From 446a453719bf1a10dd0076c8ad5d2e4d47b7775c Mon Sep 17 00:00:00 2001
From: Ali Mohammad Pur <ali.mpfard@gmail.com>
Date: Tue, 15 Apr 2025 21:32:26 +0200
Subject: [PATCH] LibRegex: Pull out the first compare to avoid unnecessary
 execution

This adds a fast-path to drop view indices we know will not match
immediately without going through the regex VM.
---
 Libraries/LibRegex/RegexMatcher.cpp   |  35 ++-
 Libraries/LibRegex/RegexMatcher.h     |   1 +
 Libraries/LibRegex/RegexOptimizer.cpp | 329 +++++++++++++++++---------
 Libraries/LibRegex/RegexParser.h      |   2 +
 4 files changed, 250 insertions(+), 117 deletions(-)
diff --git a/Libraries/LibRegex/RegexMatcher.cpp b/Libraries/LibRegex/RegexMatcher.cpp
index fed306ce706..ee2b2a29183 100644
--- a/Libraries/LibRegex/RegexMatcher.cpp
+++ b/Libraries/LibRegex/RegexMatcher.cpp
@@ -4,6 +4,7 @@
  * SPDX-License-Identifier: BSD-2-Clause
  */
 
+#include <AK/BinarySearch.h>
 #include <AK/BumpAllocator.h>
 #include <AK/ByteString.h>
 #include <AK/Debug.h>
@@ -208,6 +209,23 @@ RegexResult Matcher<Parser>::match(Vector<RegexStringView> const& views, Optiona
     auto single_match_only = input.regex_options.has_flag_set(AllFlags::SingleMatch);
     auto only_start_of_line = m_pattern->parser_result.optimization_data.only_start_of_line && !input.regex_options.has_flag_set(AllFlags::Multiline);
 
+    auto compare_range = [insensitive = input.regex_options & AllFlags::Insensitive](auto needle, CharRange range) {
+        auto upper_case_needle = needle;
+        auto lower_case_needle = needle;
+        if (insensitive) {
+            upper_case_needle = to_ascii_uppercase(needle);
+            lower_case_needle = to_ascii_lowercase(needle);
+        }
+
+        if (lower_case_needle >= range.from && lower_case_needle <= range.to)
+            return 0;
+        if (upper_case_needle >= range.from && upper_case_needle <= range.to)
+            return 0;
+        if (lower_case_needle > range.to || upper_case_needle > range.to)
+            return 1;
+        return -1;
+    };
+
     for (auto const& view : views) {
         if (lines_to_skip != 0) {
             ++input.line;
@@ -253,19 +271,26 @@ RegexResult Matcher<Parser>::match(Vector<RegexStringView> const& views, Optiona
         }
 
         for (; view_index <= view_length; ++view_index) {
-            if (view_index == view_length && input.regex_options.has_flag_set(AllFlags::Multiline))
-                break;
+            if (view_index == view_length) {
+                if (input.regex_options.has_flag_set(AllFlags::Multiline))
+                    break;
+            }
 
-            auto& match_length_minimum = m_pattern->parser_result.match_length_minimum;
             // FIXME: More performant would be to know the remaining minimum string
             //        length needed to match from the current position onwards within
             //        the vm.

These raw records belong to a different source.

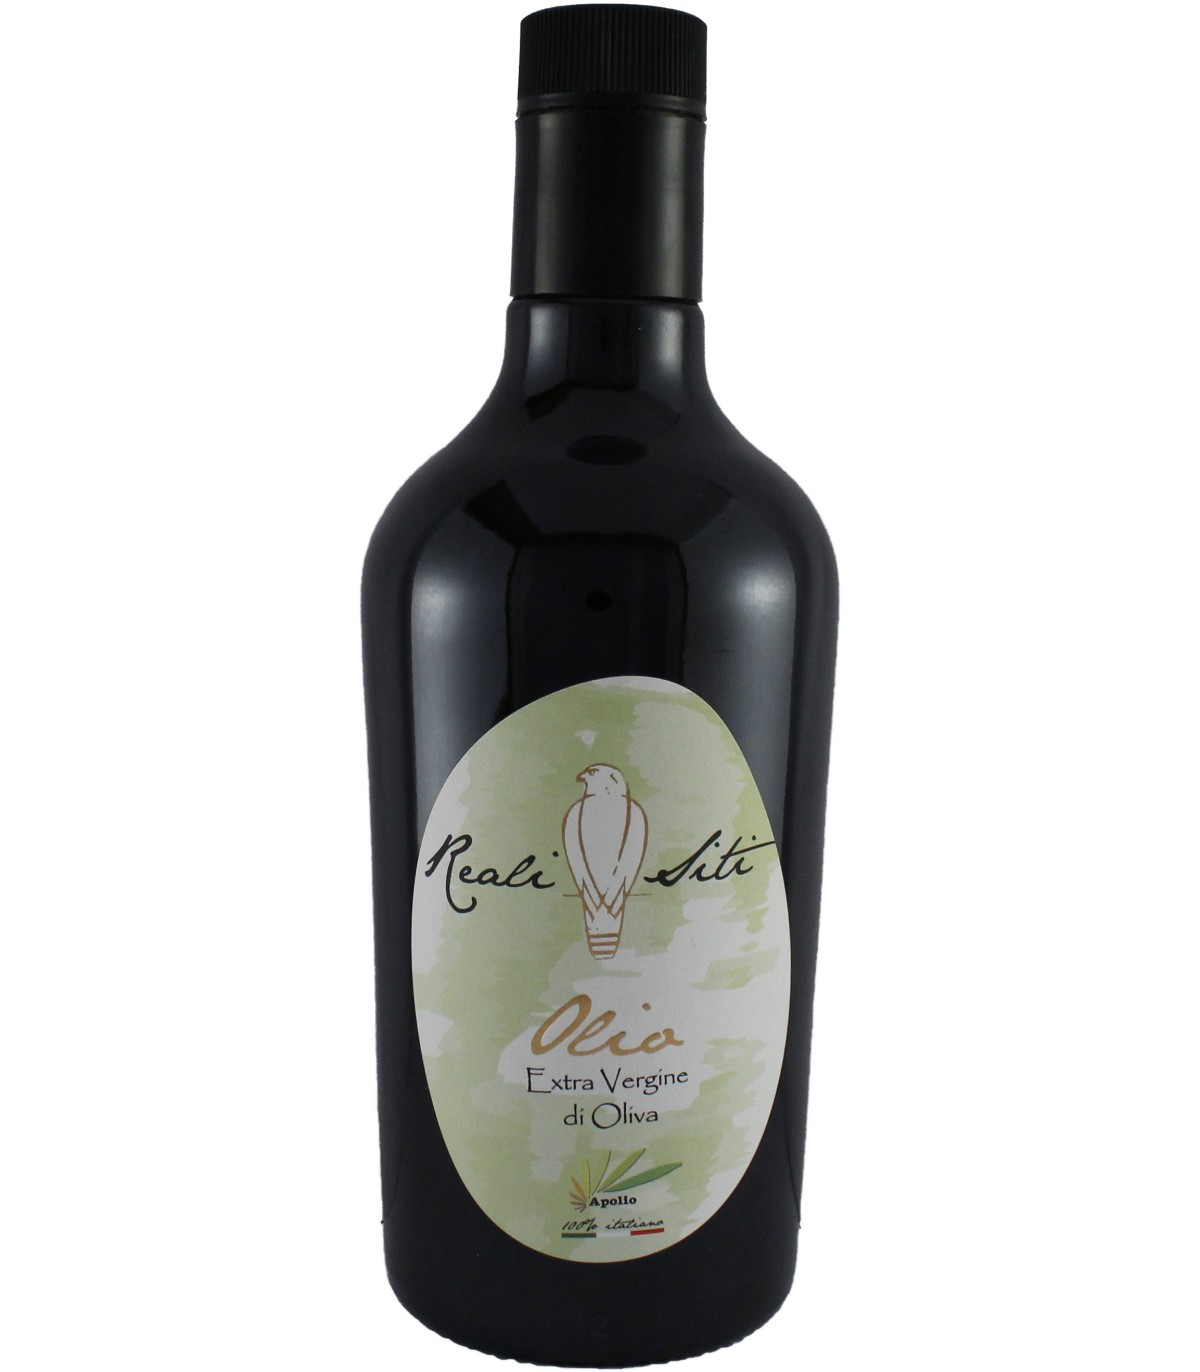 Bott. 0.250 ml "5 Royal Sites" extra Virgin olive Oil Apolio
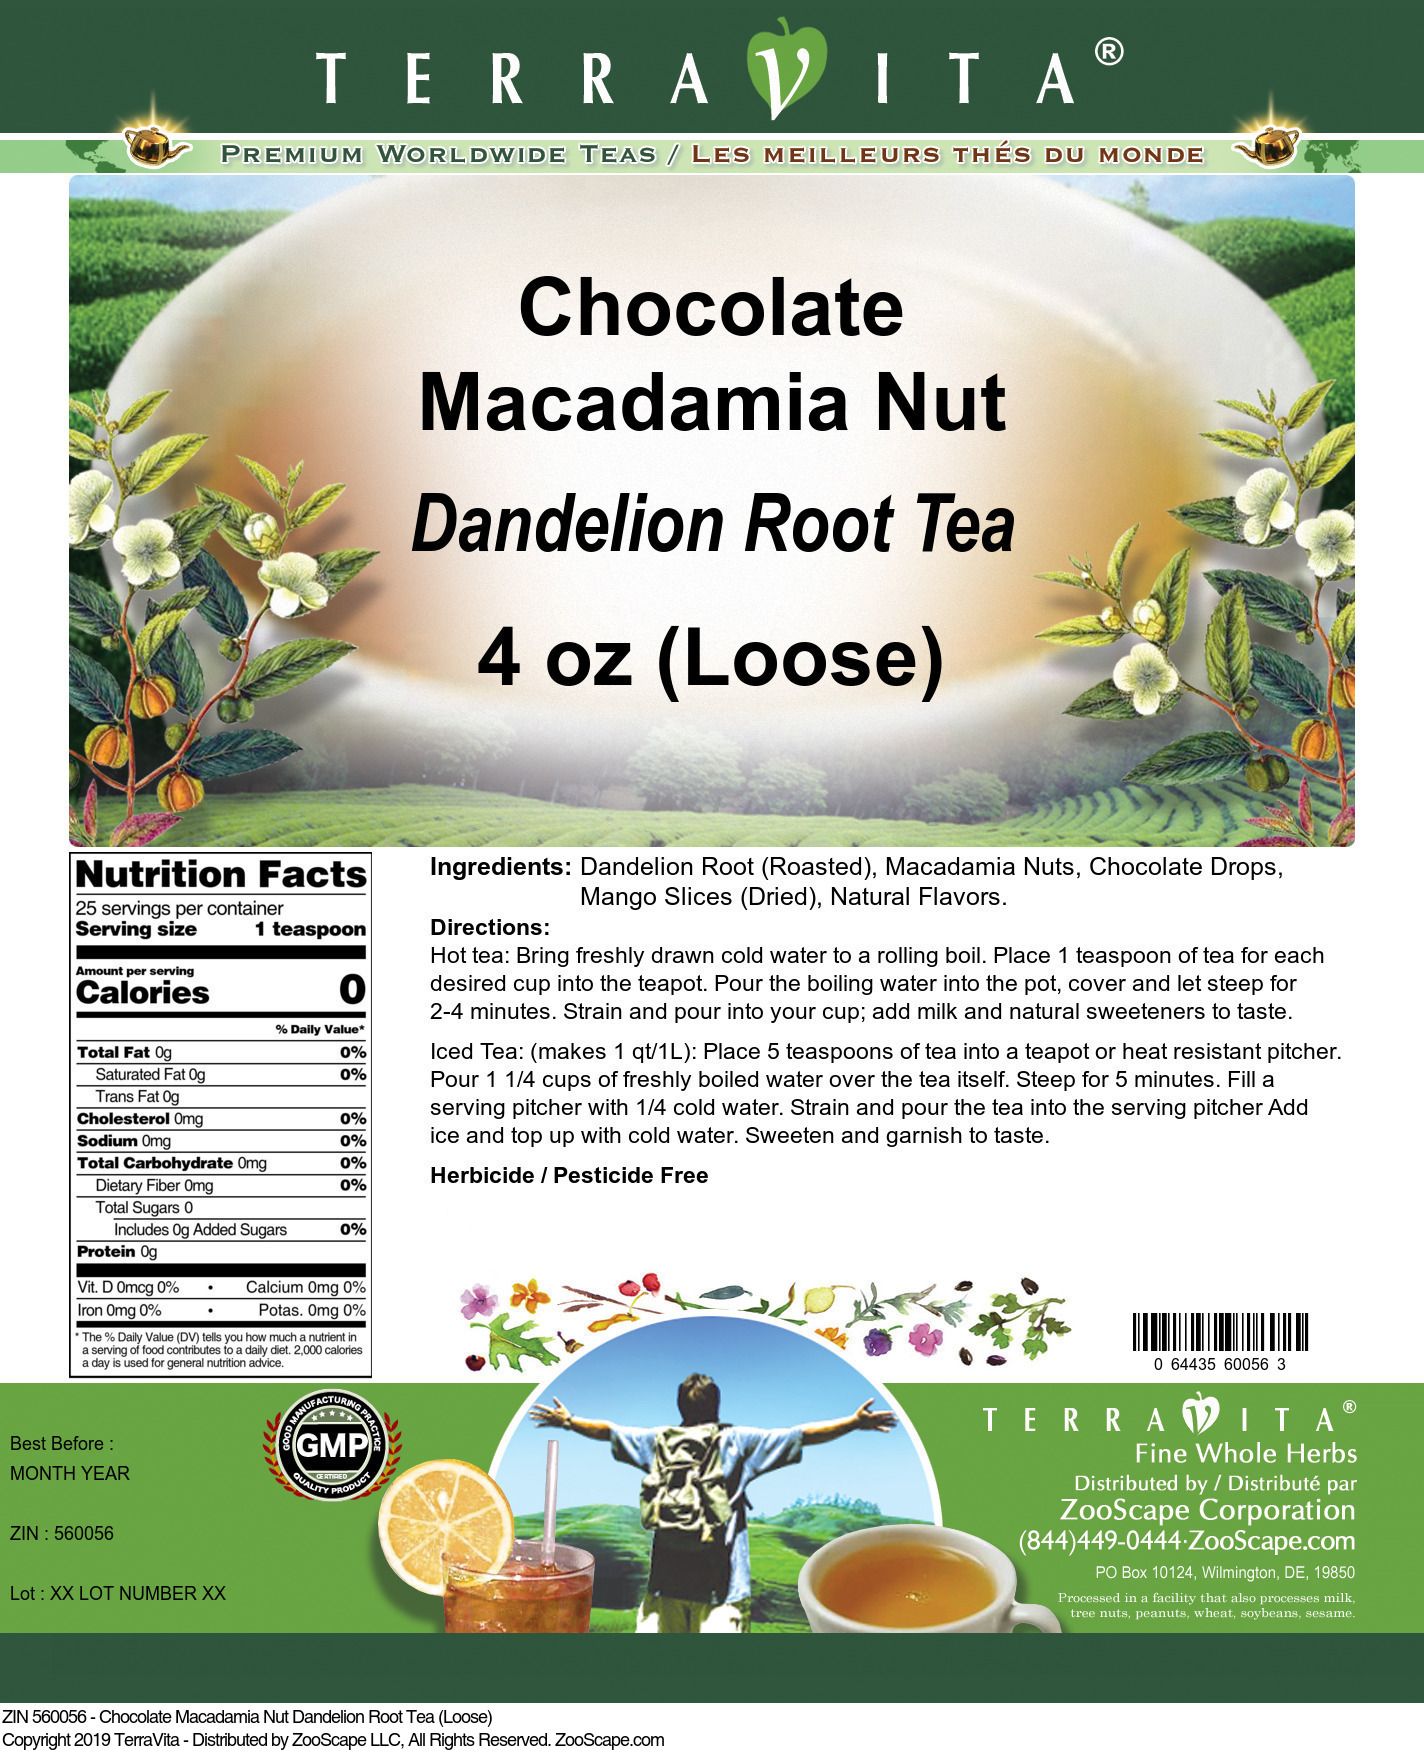 Chocolate Macadamia Nut Dandelion Root Tea (Loose) - Label
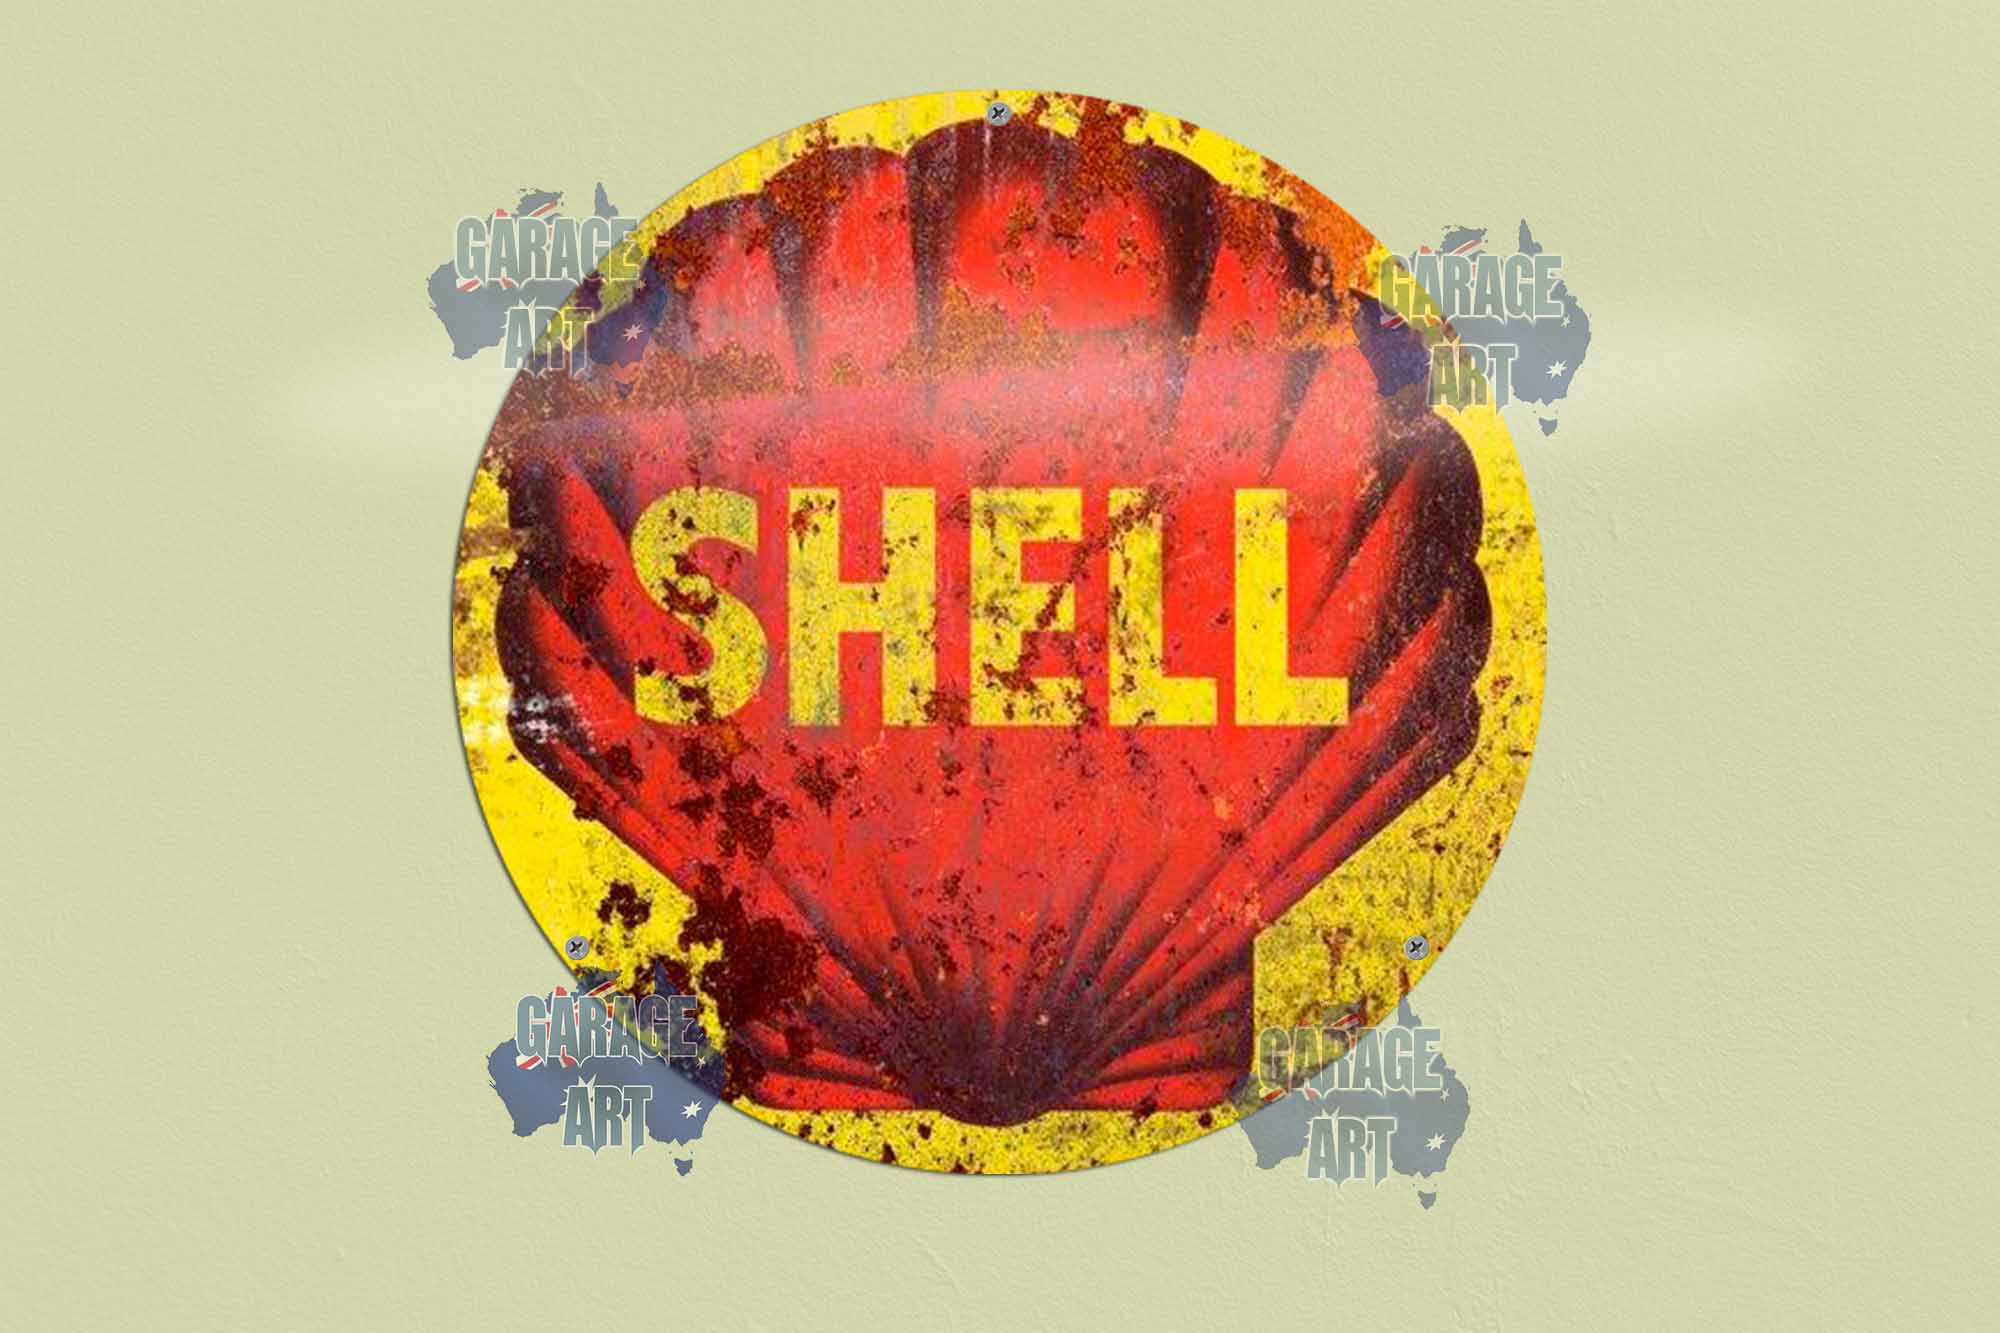 Shell heavy rust 3D 355mmDIa Tin Sign freeshipping - garageartaustralia

Add new OpCode for MinMatchLengthFromSp with the value of
             //        the remaining string length from the current path. The value though
             //        has to be filled in reverse. That implies a second run over bytecode
             //        after generation has finished.
+            auto const match_length_minimum = m_pattern->parser_result.match_length_minimum;
             if (match_length_minimum && match_length_minimum > view_length - view_index)
                 break;
 
+            if (auto& starting_ranges = m_pattern->parser_result.optimization_data.starting_ranges; !starting_ranges.is_empty()) {
+                if (!binary_search(starting_ranges, input.view.code_unit_at(view_index), nullptr, compare_range))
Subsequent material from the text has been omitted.